Synthesis and characterization of ZEin-based Low Density Porous Absorbent (ZELDA) for oil spill recovery

Abstract

Removal of spilled petroleum oil from water bodies using hydrophobic porous absorbent has garnered considerable attention due to the simplicity, large-scale adaptability and robustness of the process. However, the use of nonbiodegradable synthetic oil absorbent during cleanup has raised a secondary concern such as generating plastic pollutants that can accumulate in marine and other ecosystems. To encounter this potential hazard, there is a need to find new biocompatible alternatives to currently used non-degradable porous materials. Here we present ZEin-based Low Density porous Absorbent (ZELDA) synthesized from an emulsion templating method as a new class of naturally derived porous material with tunable hydrophobicity for oil spill recovery. Corn-derived zein nanoparticles are first used to form oil-in-water Pickering emulsion.
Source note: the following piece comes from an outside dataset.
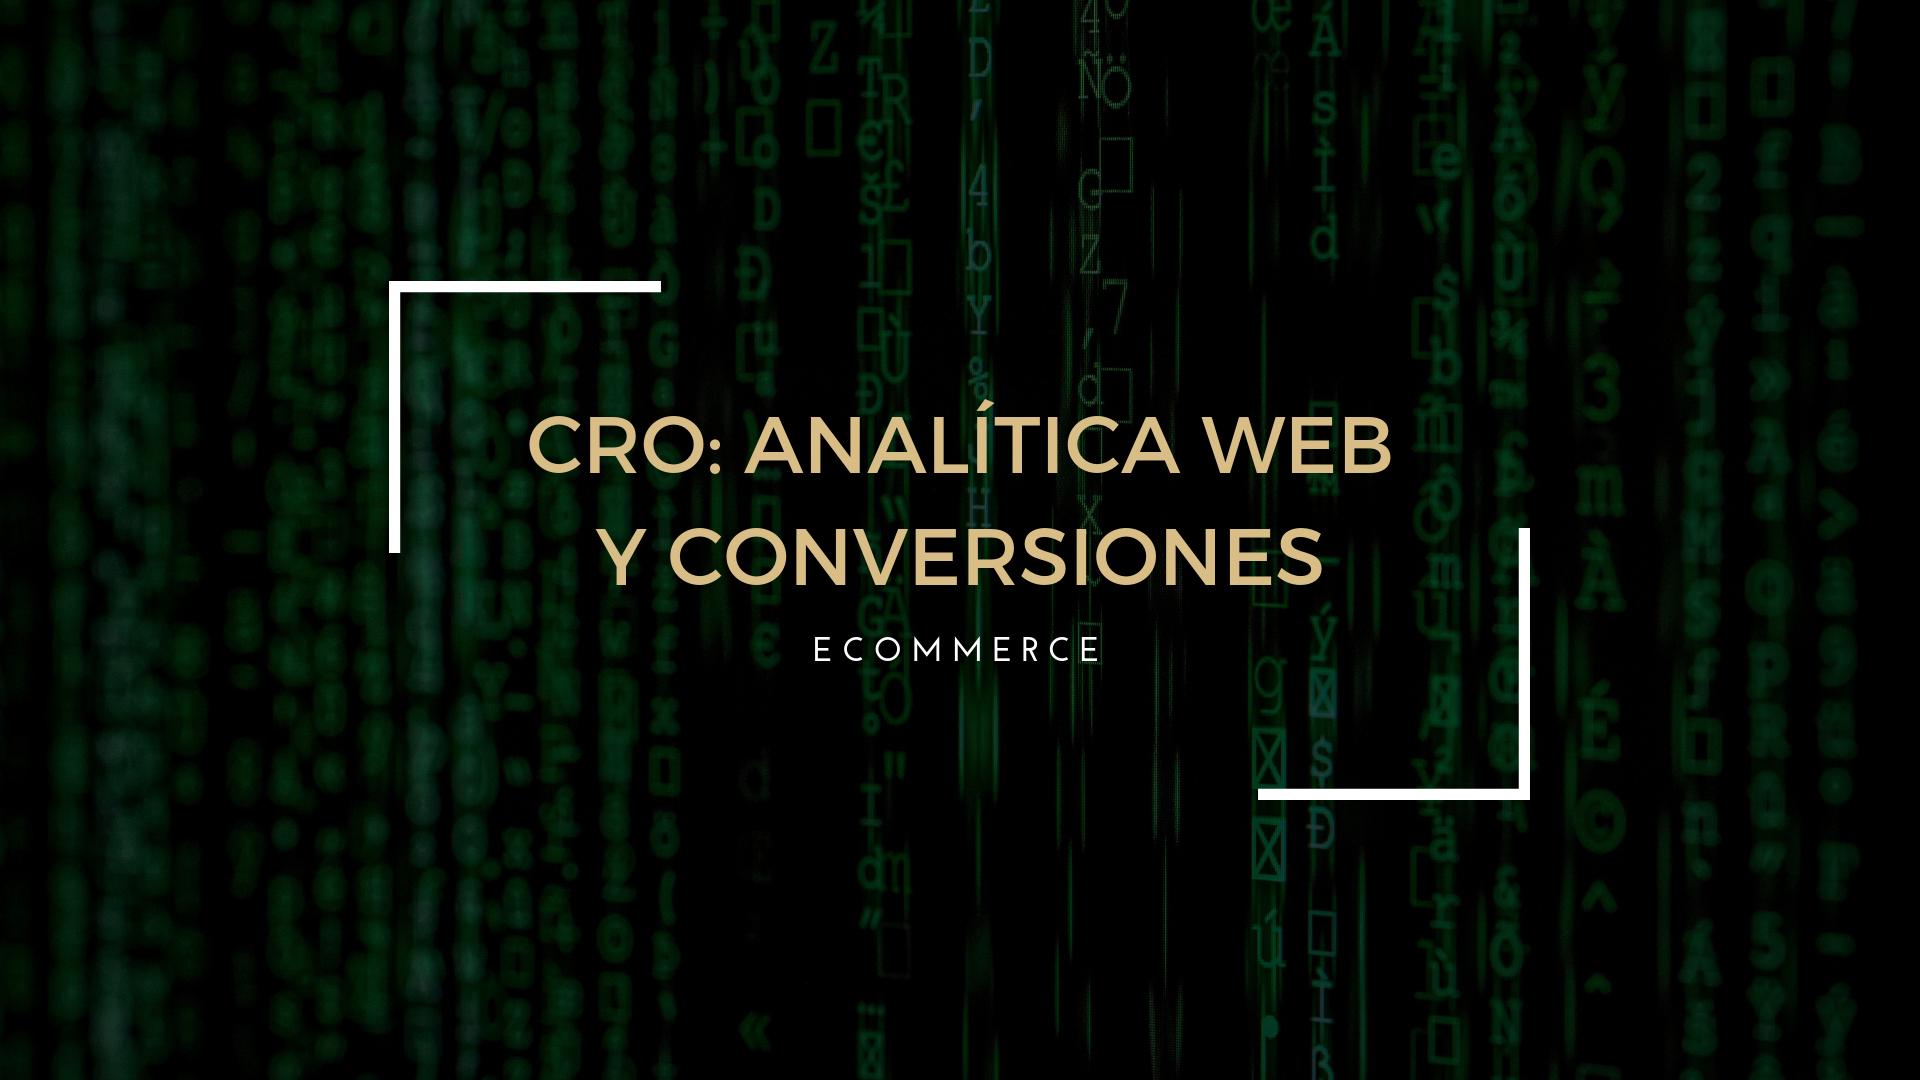 CRO: Analítica Web y Conversión de un ecommerce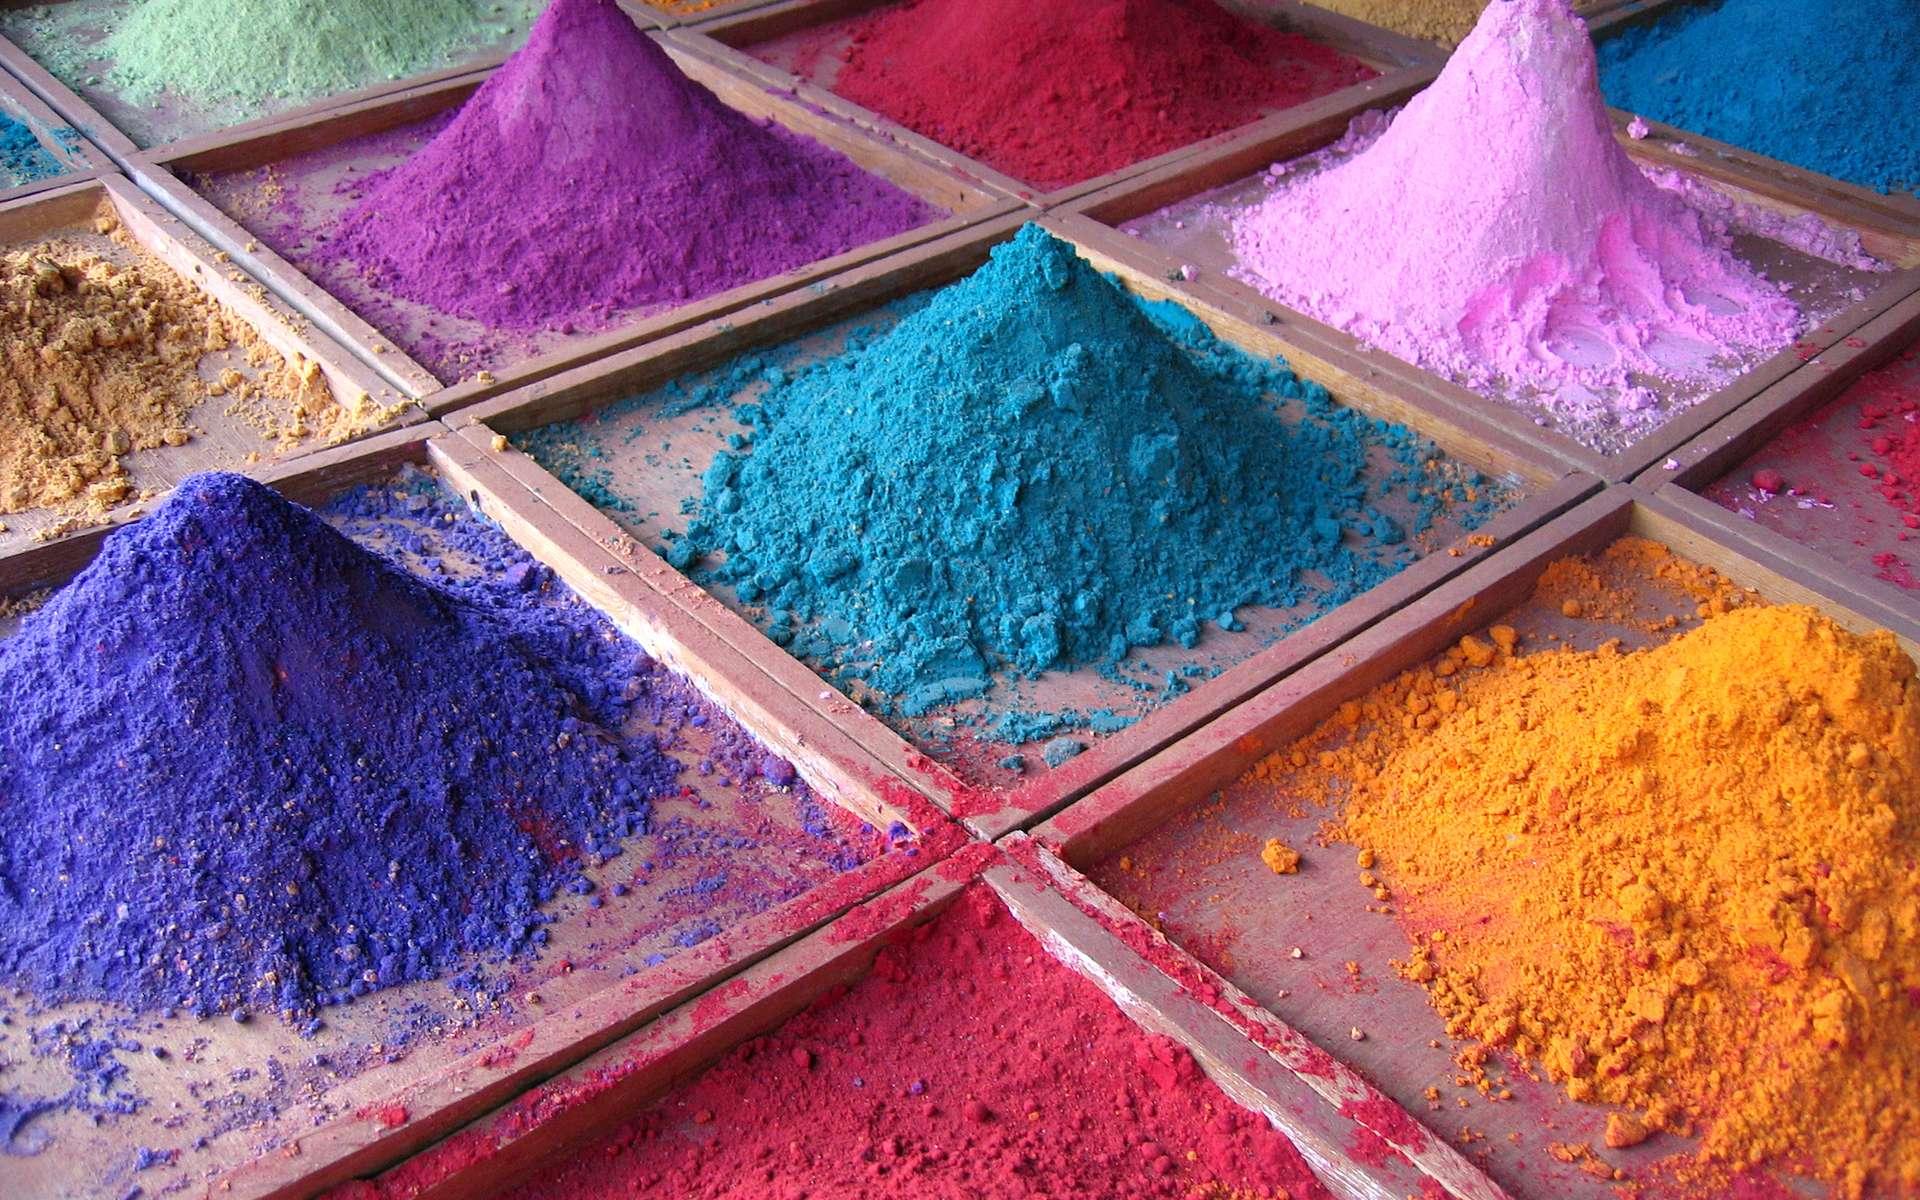 Un pigment est une substance colorée qui, à l'état artificiel, se présente souvent sous la forme de poudres. © Duncan Hull, Flickr, CC by 2.0

The addition of polymeric zein into the continuous aqueous phase of the emulsion, and its gradual phase separation enables the formation of a porous matrix. The pore diameter, surface wettability, and oil uptake capacity of ZELDA can be programmed by tuning oil-to-water phase volume ratio of the Pickering emulsion and its selective surface functionalization using flaxseed oil. The synthesis of ZELDA can be further modified with iron oxide nanoparticles to induce magnetic response, which enables its contactless maneuverability and removal from spilled site. The study outlines a new method of synthesis of zein-based porous materials and introduces synthetic routes for controlled surface functionalization, wettability, and stimuli responsiveness of the porous material. The synthesized plant-based material provides an ecofriendly alternative to commercially used nonbiodegradable oil sorbents for spilled oil remediation.